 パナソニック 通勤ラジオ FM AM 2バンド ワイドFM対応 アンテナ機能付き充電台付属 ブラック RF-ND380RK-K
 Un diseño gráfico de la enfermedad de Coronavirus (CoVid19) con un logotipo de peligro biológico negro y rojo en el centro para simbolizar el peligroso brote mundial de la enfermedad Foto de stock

________________________

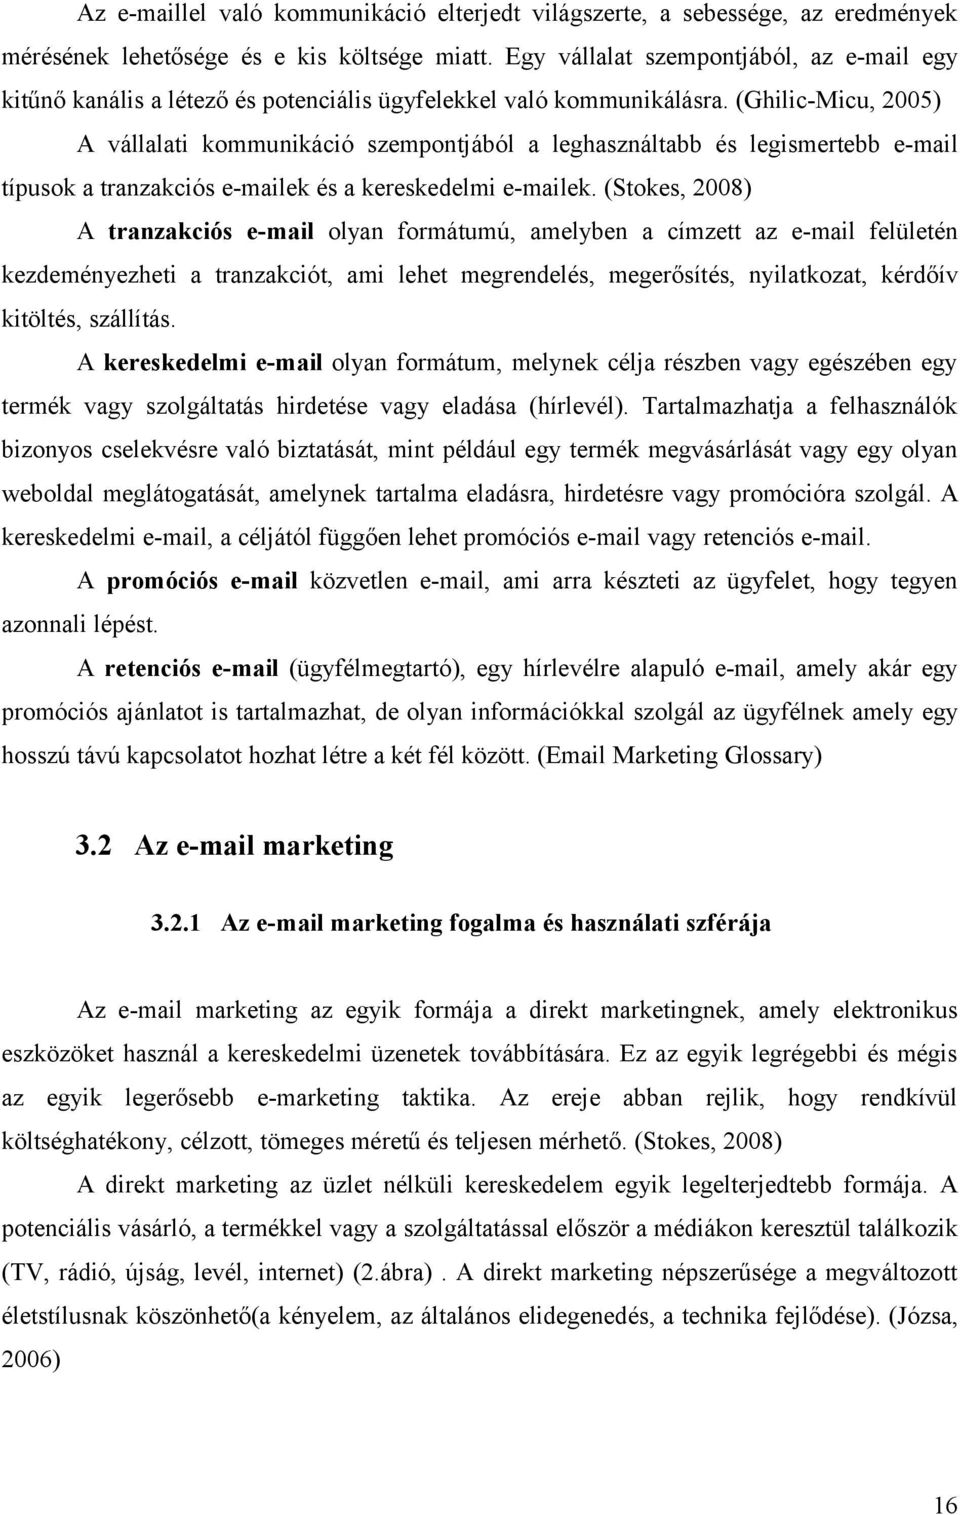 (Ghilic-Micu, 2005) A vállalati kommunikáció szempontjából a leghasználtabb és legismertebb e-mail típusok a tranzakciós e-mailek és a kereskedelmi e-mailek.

________________________

_WHAT TO PRODUCE_
Both end lines included, restate word for word the lines above from the line with "パナソニック 通勤ラジオ FM" to the line with "Un diseño gráfico", and nothing else.

_OUTPUT_
 パナソニック 通勤ラジオ FM AM 2バンド ワイドFM対応 アンテナ機能付き充電台付属 ブラック RF-ND380RK-K
 Un diseño gráfico de la enfermedad de Coronavirus (CoVid19) con un logotipo de peligro biológico negro y rojo en el centro para simbolizar el peligroso brote mundial de la enfermedad Foto de stock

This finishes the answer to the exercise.